Самойлович не принадлежал к тем, кто умел укрощать гнев хозяев страны и предупреждать их желания. А вот Отто Шмидт виртуозно проделывал фокус, который скоро станет правилом выживания для политической и административной элиты Сталина. Советская Россия стоит на пороге 1937 года, одного из самых страшных в ее истории. 1937-й – кровавый год, начало массового появления братских могил по всей стране, символ и вершина слепого неприкрытого террора. 1937-й, когда хитом являлась песня «Маша» Вадима Козина[164]
, советского Тино Росси: «Улыбнись, Маша, / Ласково взгляни, / Жизнь чудесна наша, / Солнечны все дни». Год, когда Шостакович написал 5-ю симфонию и «Джазовую сюиту». Год парадов, подвигов и рекордов.1937-й – год, который через десятилетия выглядит декорацией к огромной чудовищной постановке.
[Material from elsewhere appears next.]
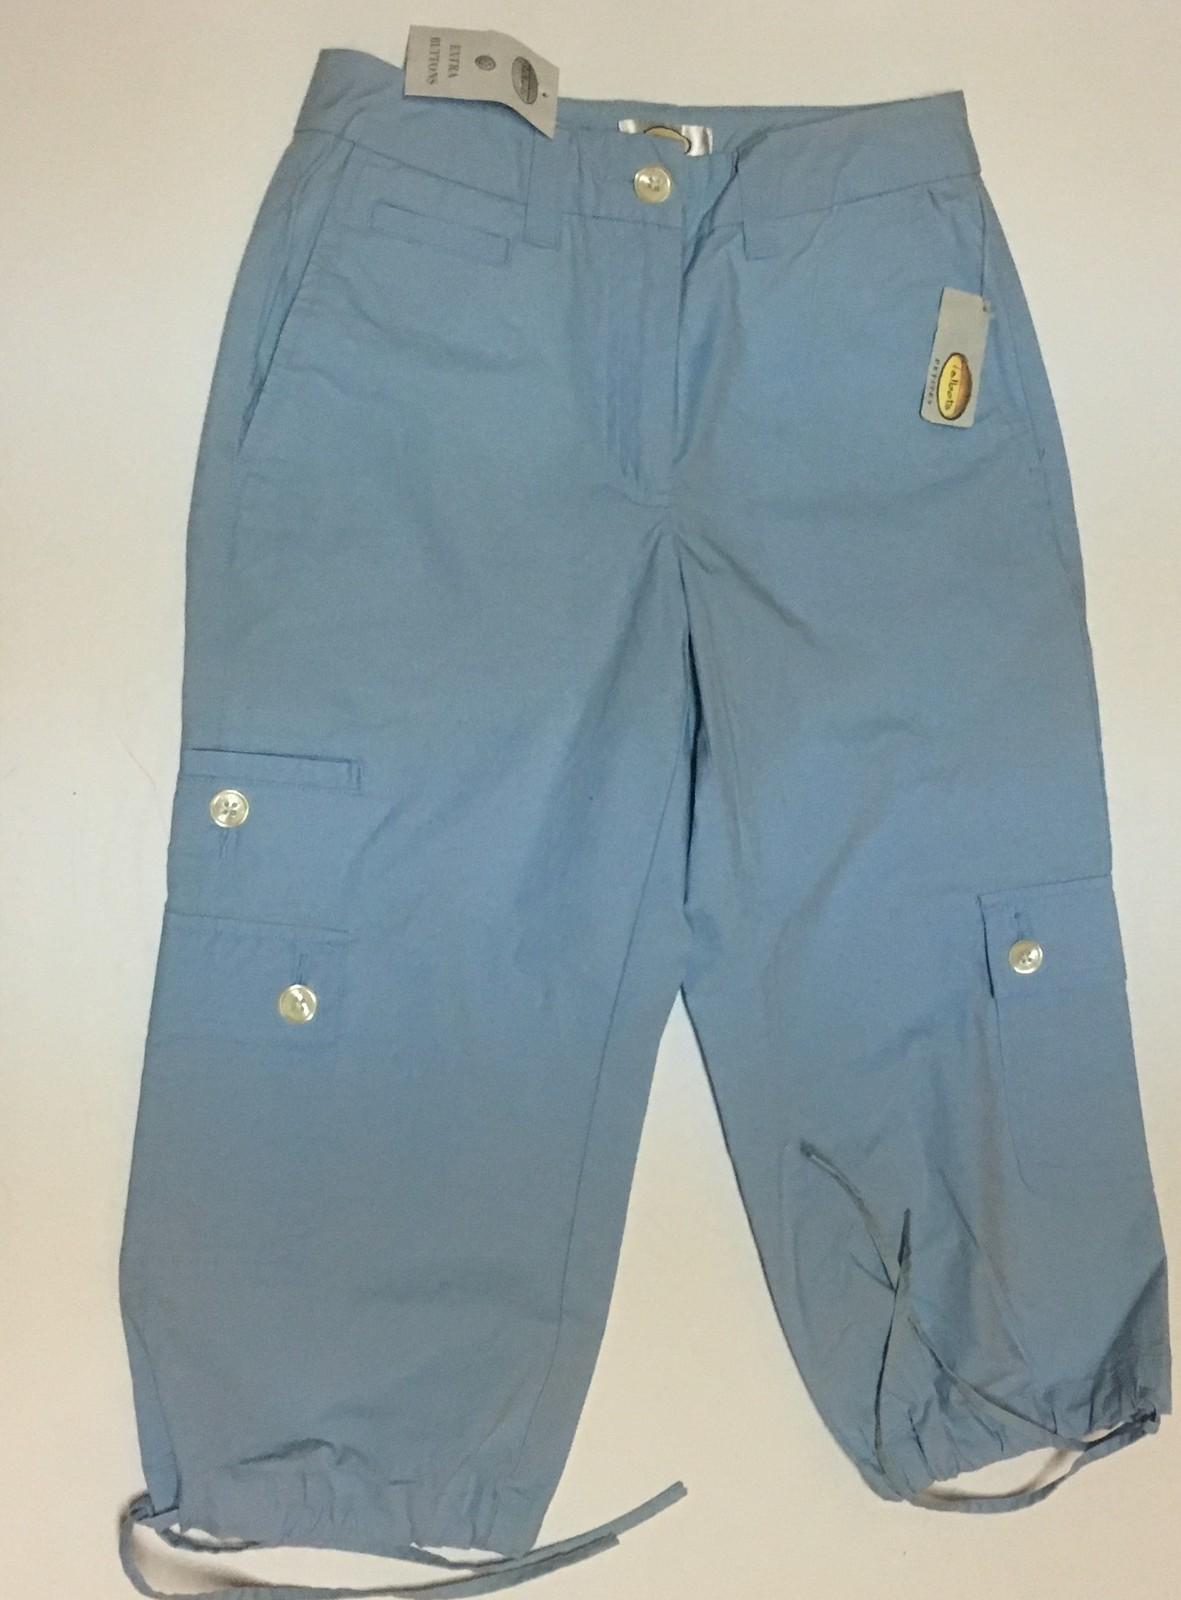 Talbots Baby Blue Capri Petites Stretch SZ 0P NWT

Из месяца в месяц режим чередует репрессии и праздники в сложной последовательности, не давая времени гражданам засомневаться или задуматься. Тон был задан уже в январе, когда состоялся второй большой политический процесс над занимавшими высокие посты большевиками из старой гвардии. За полгода до этого Зиновьев и Каменев, товарищи Ленина по ссылке, были обвинены в троцкизме и расстреляны. Наступила очередь других ветеранов – таких, как Пятаков, один из первых «прорабов индустриализации». Пресса изрыгала на Пятакова ненависть и злобу. 29 января сам Пятаков и его «сообщники», «ничтожные, подлые людишки», как выплевывал прокурор слово за словом, «презренные бешеные псы», заслужившие пулю от советского народа, говоря текстом газеты «Правда», были приговорены к смертной казни и расстреляны на следующий день. Процесс пестрил подтасовками и доносами в адрес руководителей страны, которые еще оставались на свободе. Послание предельно ясно: это лишь начало, Сталин намерен истребить старые кадры коммунистической партии и заменить их своими. Никто не мог чувствовать себя в безопасности. Все шестеренки смазаны, стране не дается времени ни задуматься, ни сформулировать вопросы. Прошло всего несколько дней после расстрела приговоренных руководителей партии, и в СССР начинаются пышные торжества, посвященные столетию со дня смерти Пушкина. Они занимают умы людей на протяжении всего февраля. Это настоящая канонизация великого поэта: в его честь переименовывают города, улицы, площади и набережные. Повсюду, где побывал поэт, открывают музеи[165]
. СССР жил под знаком юбилея. Выставки, лекции, спектакли. За год издали более 18 млн экземпляров произведений Пушкина – больше, чем за предыдущий век.Затем на повестке дня опять террор. В конце февраля был созван пленум Центрального Комитета, самая высокая инстанция ВКП(б) после съезда, с целью уничтожения других соперников Сталина. На этот раз главная мишень – сам Бухарин, любимец Ленина, партийный экономист и мыслитель. Уничтожение этого политического деятеля и его соратников – также очень уважаемых и популярных – проходило при особых условиях освещения: ни одной фотографии, ни одного рисунка или наброска. Атмосфера была настолько пугающая, настолько исполненная ярости и жестокости, что ее протоколы опубликовали только 60 лет спустя. Бухарин, борясь за свое право защищаться, объявил голодовку. На процессе он выглядел измученным, даже изможденным. Он был плохо выбрит, изношенный костюм болтался на нем. Ему не позволяли говорить, его освистывали. Сигнал к травле дал сам Сталин. Бухарина и Рыкова арестовало НКВД во время дискуссии прямо в разгар заседания Центрального Комитета и препроводили на Лубянку. Это было неслыханно. Новый арест взбудоражил общественное мнение. Как? Снова предатели в самом руководстве? Неужели Бухарин тоже? Третий акт чудовищного спектакля вызвал замешательство. Молчаливое сомнение закралось в души даже самых убежденных. Когда это закончится? И тогда власть опять запускает интермедию. Нужен какой-нибудь длинный «сериал», способный подогреть общественный интерес и взбудоражить публику. На этот раз заполнить авансцену и страницы газет наступила очередь саги о полярниках.